The rubber roll huller removes parchment from dried washed Arabica coffee through a gentle mechanical nip-and-shear action. The process relies on precise roll-gap calibration matched to the bean size, making pre-sizing of the feed a critical upstream requirement.

1

Feed and metering

Dried parchment coffee at 10–12% moisture content is loaded into the feed hopper above the rolls. A flow-control gate at the hopper outlet meters the feed rate — too fast overloads the roll nip and increases breakage; too slow reduces throughput without benefit. Pre-cleaned, pre-sized parchment from an upstream scalper or trommel grader is fed here, having already had sticks, oversized debris, and coarse size variations removed. Feeding mixed-size parchment into a single roll-gap setting is the most common operating error and the primary cause of elevated breakage.

2

Roll-gap nip and hulling action

The two rubber rolls rotate toward each other, drawing parchment coffee beans into the nip — the narrow gap between the roll surfaces. The gap is set slightly smaller than the bean's minor axis, so each bean is firmly gripped and compressed. Because the two rolls run at slightly different surface speeds (a 5–15% differential achieved through a gear or separate belt drive), the bean experiences not just a squeeze but a shearing force along its length. This combined squeeze-and-shear cracks and peels the parchment away from the green bean without the sliding abrasion of disc or metal-roll hullers. The rubber surface deforms slightly at the point of contact, distributing the nip force across the bean's surface rather than concentrating it on edges or tips.

3

Separation at discharge

As hulled beans and loose parchment fragments exit the roll nip at the bottom, they fall together into the discharge zone. Some machines incorporate a short pneumatic aspirator or air jet at the discharge point to blow the light parchment fragments away from the heavier green beans immediately below the rolls. In most curing-works layouts, the hulled material — a mixture of green beans and parchment fragments — drops by gravity to the winnower below, where the full chaff and parchment separation is completed by an upward air column.

4

Winnowing and chaff removal

The hulled discharge passes to a winnower (aspirator) positioned immediately downstream of the huller. The winnower's upward air column, set to a velocity of approximately 4.5–6.5 m/s, lifts and carries away parchment fragments, chaff, and silver skin while the denser green beans fall through to a clean discharge chute. The parchment-laden air stream exits to a chaff cyclone, which drops the parchment out of the air stream and returns clean air. This two-machine combination — rubber roll huller plus winnower — constitutes the complete hulling and chaff-removal stage of the dry mill.

Know the Difference

Rubber Roll Coffee Huller vs. Disc Huller

Both the rubber roll huller and the disc huller are used in coffee dry mills, but they differ fundamentally in working principle, bean type suitability, and breakage profile. Choosing the wrong machine for a given bean type results in either poor hulling or unacceptable breakage.

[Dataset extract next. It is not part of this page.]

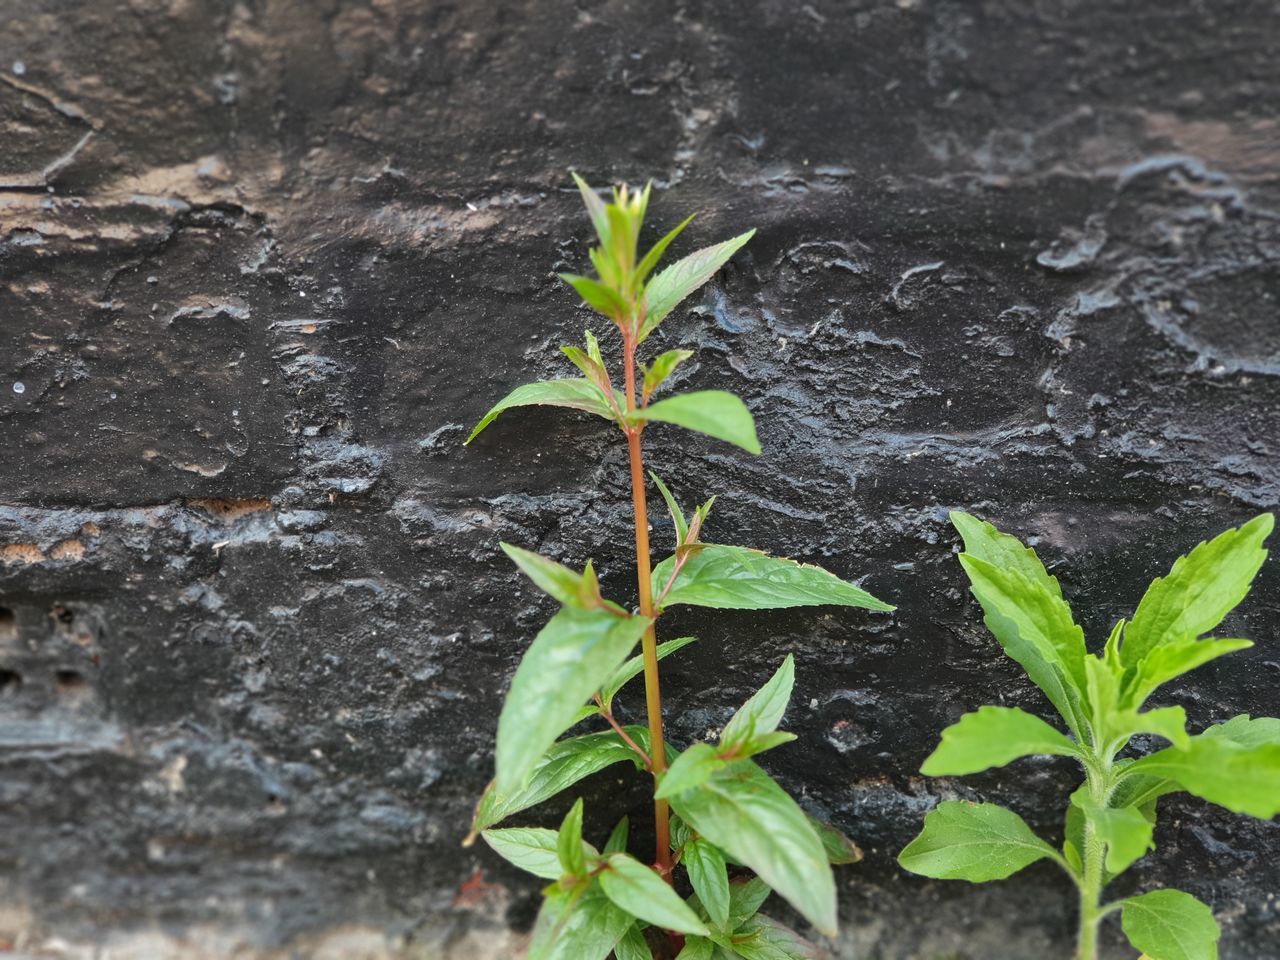 CLOSE-UP OF SMALL PLANT

FeatureRubber Roll Coffee HullerDisc Huller
Working principleCounter-rotating rubber rolls grip and shear parchment off the bean via a squeeze-and-differential-speed action — no abrasion of the bean surfaceAbrasive rotating stone or metal discs grind and abrade the dried husk or parchment from the bean surface — high friction, high temperature at contact point
Bean type suitabilityOptimised for washed/wet-processed Arabica parchment coffee at 10–12% moisture. Not recommended for natural/dry-processed cherry or Robusta cherry where the dried husk requires more aggressive removalSuited for natural/dry-processed cherry coffee (Arabica or Robusta), hard dried Robusta husk, and any lot where parchment or husk is tightly bonded. Can also hull parchment but with higher breakage than rubber rolls
Bean breakage rate<1–2% on well-dried parchment Arabica at correct gap setting — lowest breakage of any commercial hulling technology3–8% typical on parchment coffee; lower on harder natural coffee where abrasion is more appropriate to the material
Capacity range (typical)200 kg/hr to 3 TPH300 kg/hr to 5+ TPH; larger disc machines available for Robusta bulk processing
Wear component and replacement costRubber rolls wear progressively; need re-covering or replacement every 300–600 processing hours. Rubber roll re-covering is available from VMAC.Abrasive discs wear and need replacement periodically; metal-disc models require resurfacing or disc replacement. Typically longer service interval than rubber rolls but higher replacement cost per event.
Heat generated during hullingMinimal — rubber rolls flex and deform at the nip, absorbing energy rather than converting it to friction heat. Bean surface temperature rise is negligible.Significant friction heat at abrasion contact. Continuous operation at high throughput requires monitoring for heat buildup, which can affect green-bean quality in prolonged runs.
Recommended dry mill positionAfter drying and pre-cleaning of parchment Arabica; before winnower. Feed must be pre-sized for best results.After drying of natural/cherry coffee or Robusta; before winnower. More tolerant of mixed-size feed but still benefits from pre-cleaning.

For a mill processing both washed Arabica parchment and natural Robusta cherry, the standard practice is to install a rubber roll huller for the Arabica parchment line and a disc huller for the natural Robusta line. Running natural Robusta cherry through a rubber roll huller risks rapid rubber roll destruction; running washed Arabica parchment through a disc huller produces excessive breakage.

Processing Line

Where It Fits in Your Processing Line

The rubber roll huller sits at the heart of the washed Arabica dry mill sequence — after drying and pre-cleaning, before winnowing and downstream sorting. Its position in the line is fixed: parchment must be clean and dry before entering the rolls.

1

Drying (patio, raised bed, or mechanical dryer)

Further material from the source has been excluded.